巨人種魔獣の魔力が放出されると同時に、火の精霊達が魔獣の周囲へと集束し、魔力に取り込まれて、精霊攻撃魔法を構築した。
巨人種魔獣の頭上に出現した多数の火球を見て、背の高い筋肉質の少女が絶叫した。
「ぎゃあああああっ! 怒らせただけやったああああっ! 命彦のボケエェ~ッ! はよ助けに来んかああい! ウチらを見捨てたんかぁぁぁー!」
「ゴアアアー!」
魔獣が腕を振り下ろすと、精霊攻撃魔法の火球が矢のように高速で雨あられと降り注ぎ、空を飛んでいた背の高い少女は回避し切れず、火球の1つにぶち当たった。
「ぶぎゃんっ!」
爆炎に飲み込まれて吹き飛び、背の高い少女が廃墟の壁面にドゴムッとめり込む。
火球に接触した地面や廃墟の壁面がごっそり焼失していることから、人間がこの火球に触れれば確実に人体を焼失する筈だったが、廃墟の瓦礫に埋もれた背の高い筋肉質の少女は、衝撃で目を回していたものの、手足を軽く火傷するくらいで生きていた。

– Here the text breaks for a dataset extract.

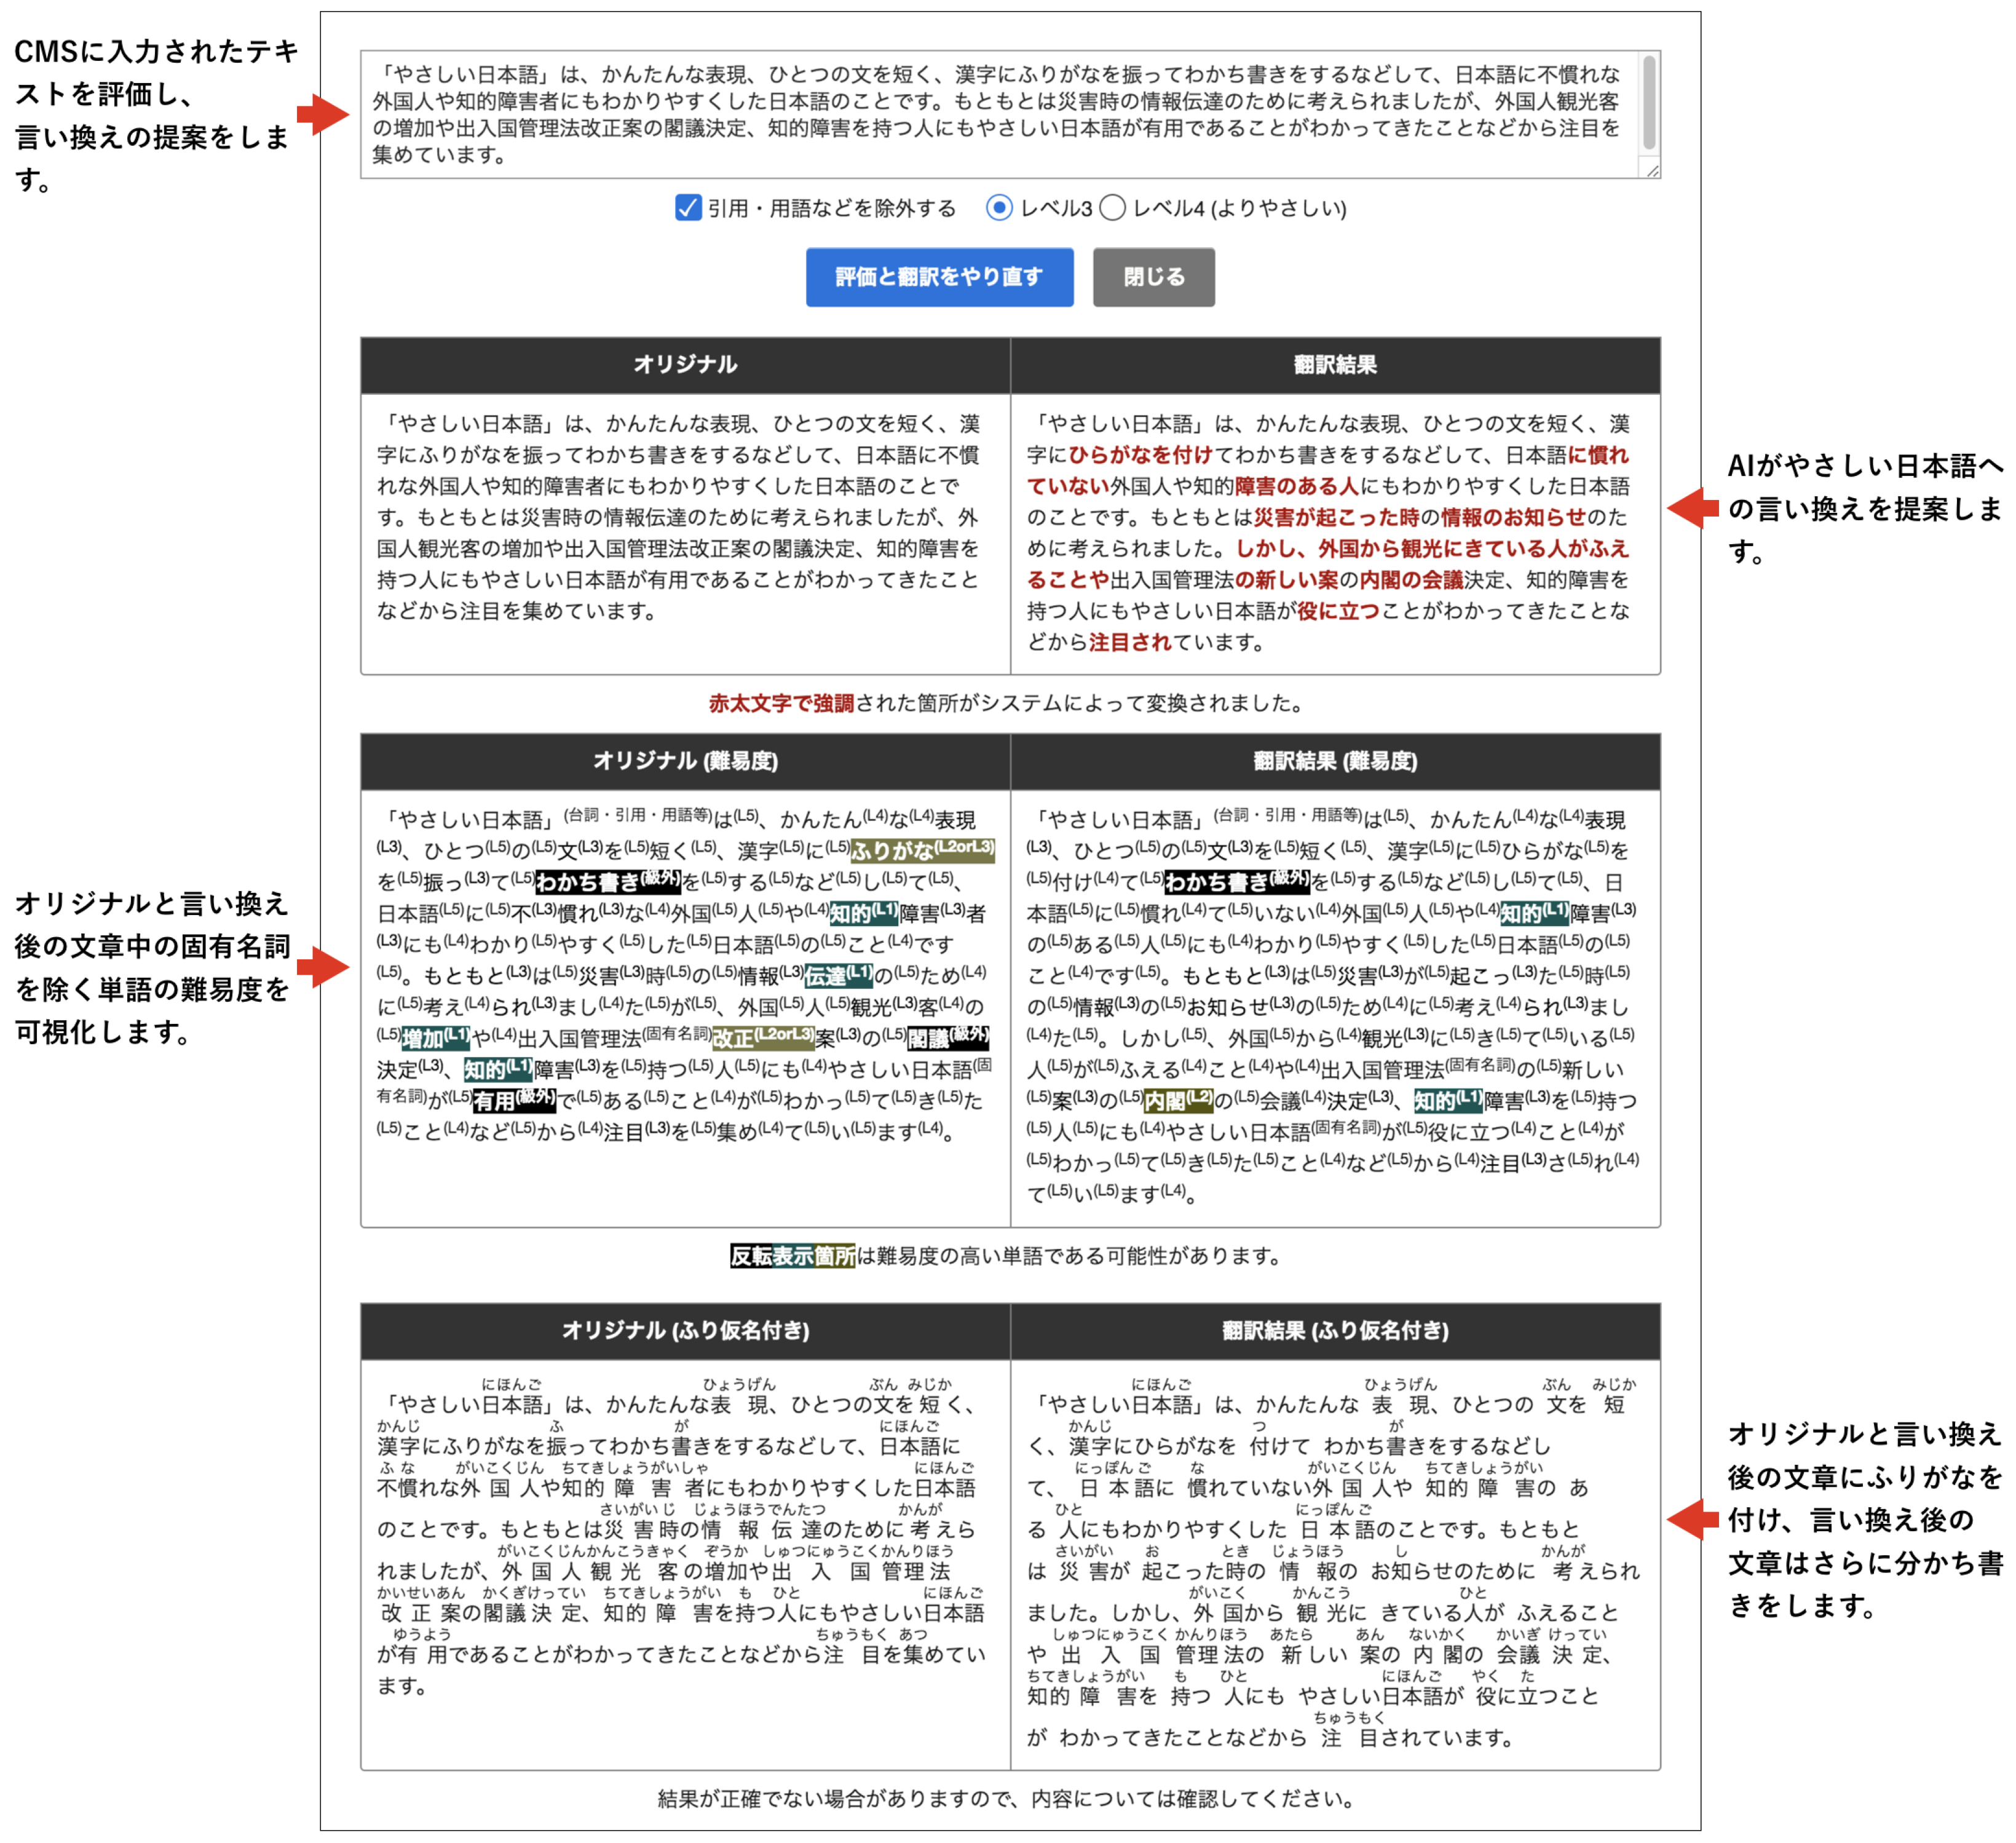 やさしい日本語作成支援機能が提供する画面

背の高い少女の全身を包み込み、空を飛ぶ効力と筋力上昇の効力を与えていた二重の力場達、風と火の精霊付与魔法が作り出した二重の魔法力場が、白い巨人による魔法攻撃を防御・相殺し、背の高い少女を生存させたのである。
「勇子さん! 詩乃ちゃんと奏子ちゃんは空太さんの援護を続けて! 勇子さんは私が!」
廃墟内を隠れて走り回り、巨人種魔獣の目を避けつつ、魔法具と自らの魔法攻撃による援護を行っていた3人の少女のうちの1人、オカッパ髪の少女が、崩れた廃墟の瓦礫に埋もれた背の高い少女の救助へと駆け出す。
「あ、こら舞子!」
「詩乃、舞子に任せよう! 空太さんのがマズい!」
残り2人の少女のうち、短く髪を切り揃えた少女が、オカッパ髪の少女を引き止めようとするが、残ったもう一方の少女、長い髪を紐で括った表情にやや乏しい少女が、慌てて制止した。
少女達の視線の先では、白い巨人に追い回されて泣き喚く美形の少年がいる。
「うひょえあっ! 死ぬううう、死んでしまふぅううーっ! 命彦、早く来てくれえええーっ! どわあっ!」
背の高い少女と同じく風の精霊付与魔法で空を飛び、巨人種魔獣の攻撃魔法を間一髪避けていた美形の少年だったが、魔獣の迫り来る拳をギリギリで回避する際に生じた烈風に巻き込まれ、墜落した。
「「空太さん!!」」
美形の少年を追撃しようとする巨人種魔獣の注意を逸らすべく、短髪の少女と長髪を結った少女が、手に持っていた赤や青に色づく結晶を砕いた。
すると、少女達の周りに多数の火球と水球が生じ、矢のように巨人種魔獣の横っ面へぶち当たる。
魔法結晶と呼ばれる魔法具で、結晶に封入されていた精霊攻撃魔法を、結晶の破砕と同時に解放し、少女達が操作して魔獣にぶつけたのである。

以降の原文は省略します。